--- What the task asks ---
For this exercise, copy exactly the lines below from the one with "Игрушка купаться. Rainbow" through the one with "Men's Cocoon Shirt in White - 2" and leave out the pictures.

--- Information given ---

· · · · · · ·

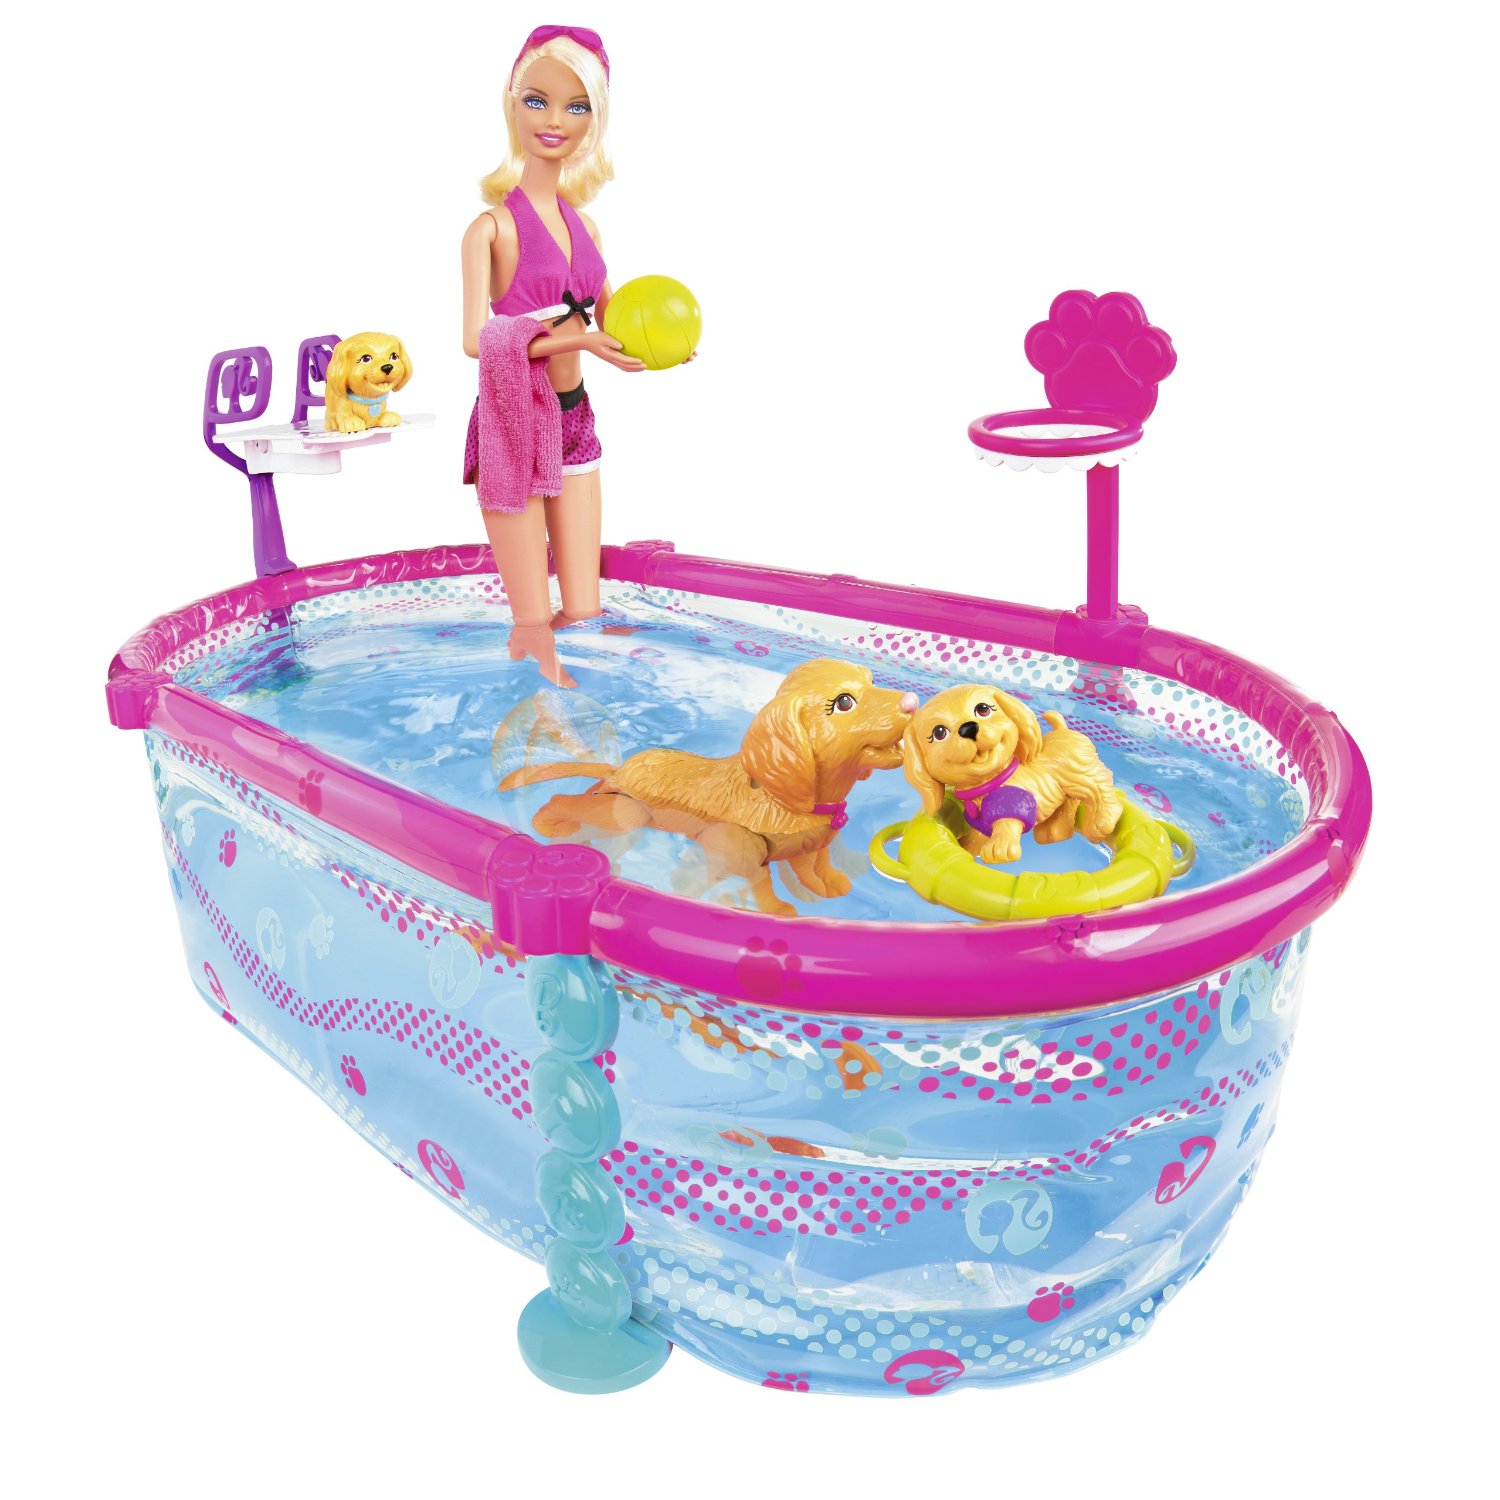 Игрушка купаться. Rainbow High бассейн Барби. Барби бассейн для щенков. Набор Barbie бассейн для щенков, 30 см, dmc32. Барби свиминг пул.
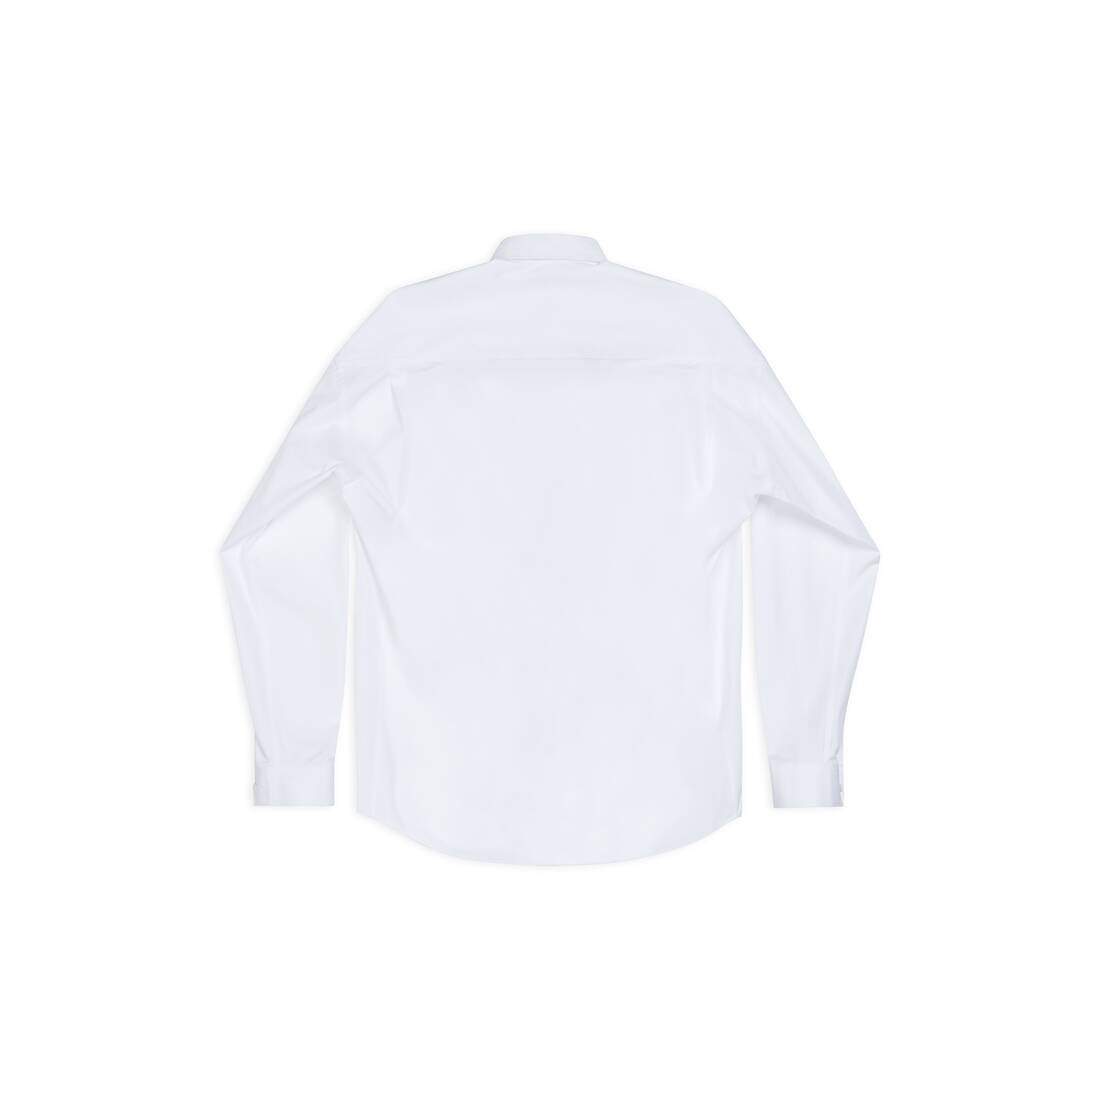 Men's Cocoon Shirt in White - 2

· · · · · · ·

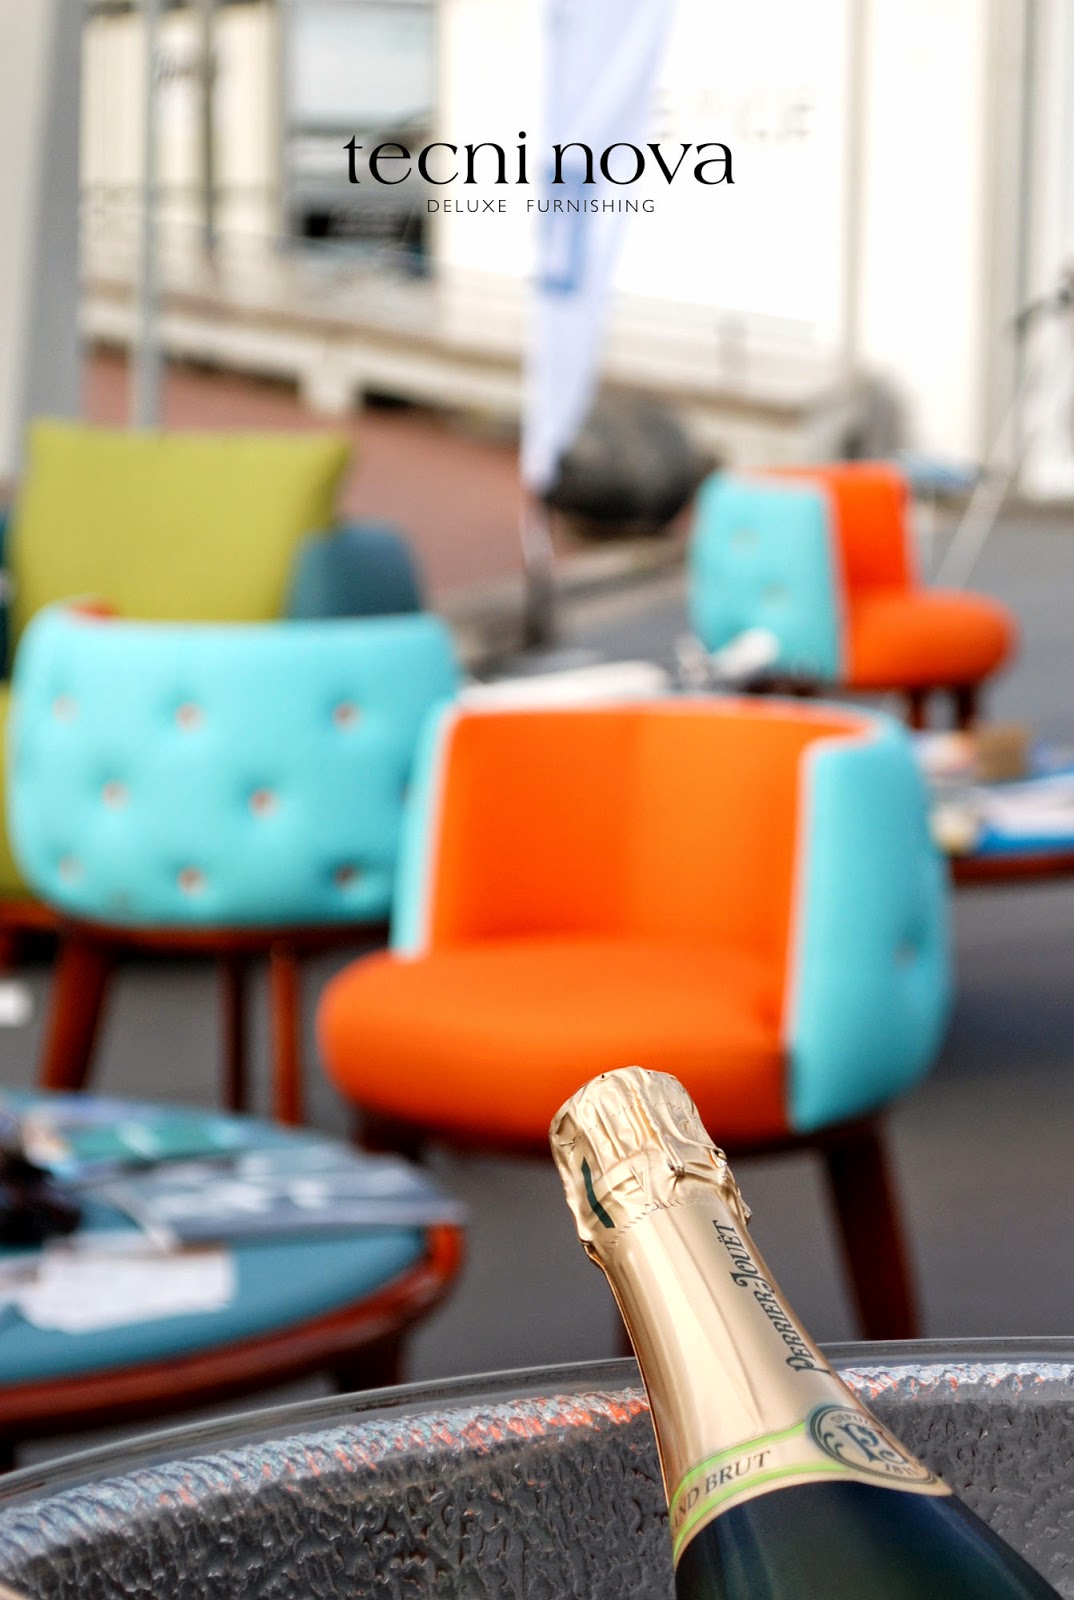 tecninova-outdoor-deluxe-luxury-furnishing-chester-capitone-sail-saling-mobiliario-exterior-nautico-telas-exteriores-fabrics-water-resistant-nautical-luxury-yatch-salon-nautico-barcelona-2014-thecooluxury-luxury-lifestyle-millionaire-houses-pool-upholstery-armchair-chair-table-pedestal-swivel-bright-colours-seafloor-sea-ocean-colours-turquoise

· · · · · · ·

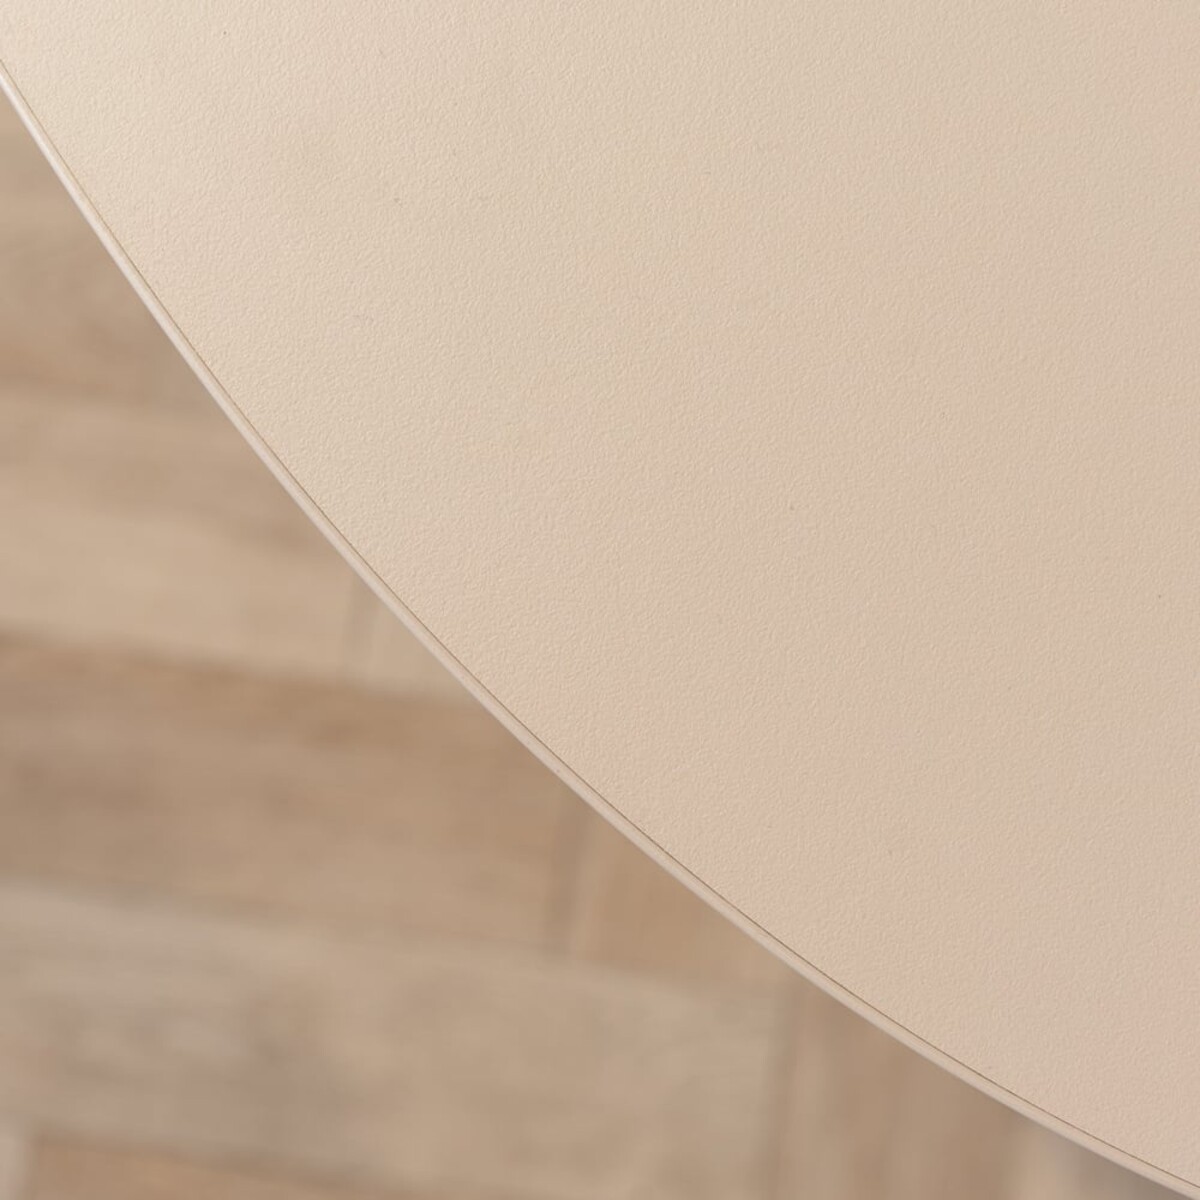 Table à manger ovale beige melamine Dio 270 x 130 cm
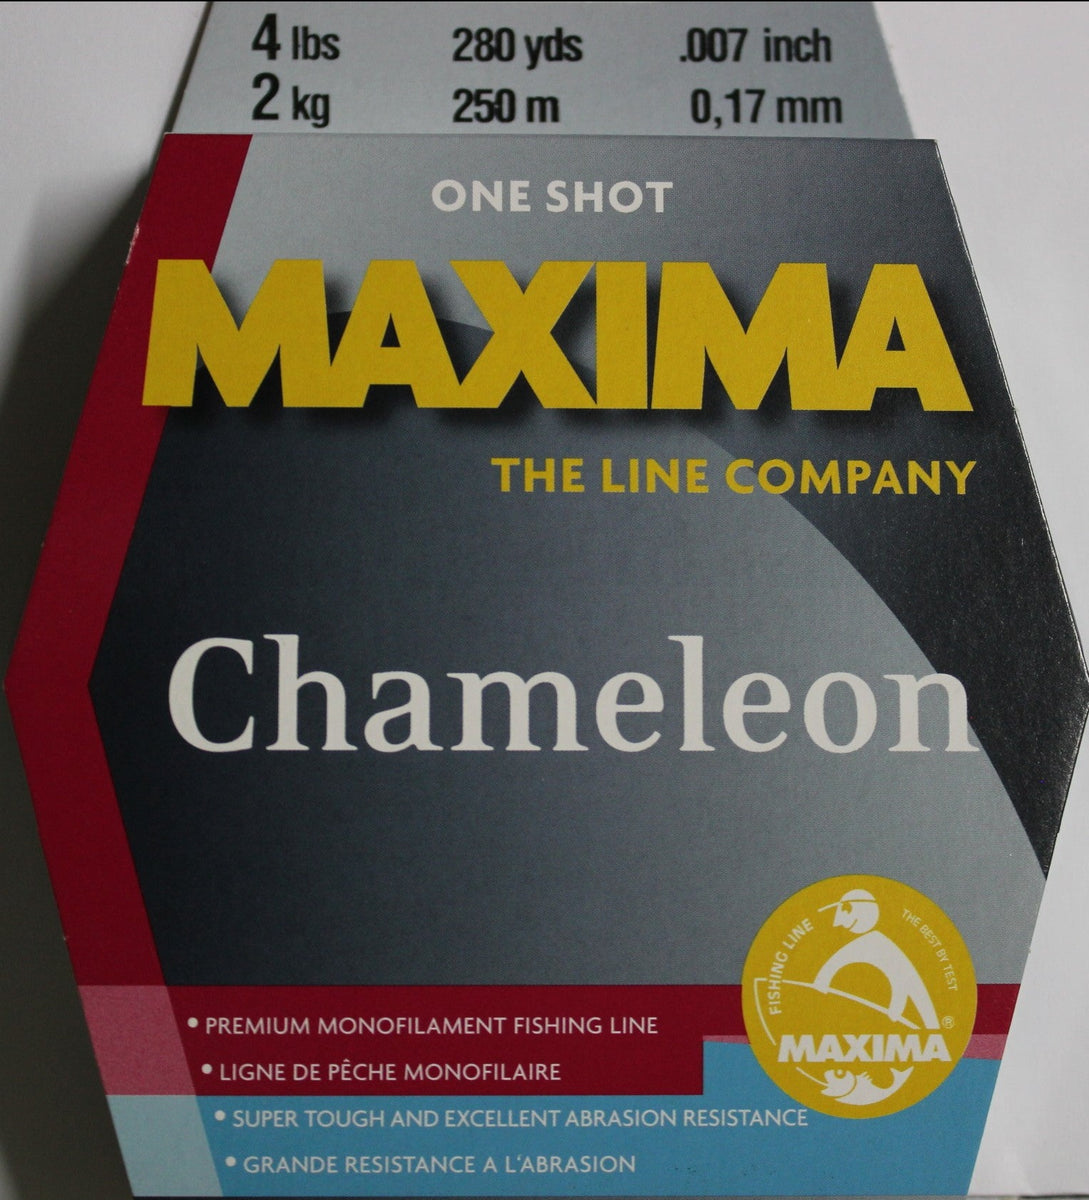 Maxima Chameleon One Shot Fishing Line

· · · · · · ·

--- Answer to this exercise ---
 Игрушка купаться. Rainbow High бассейн Барби. Барби бассейн для щенков. Набор Barbie бассейн для щенков, 30 см, dmc32. Барби свиминг пул.
 Men's Cocoon Shirt in White - 2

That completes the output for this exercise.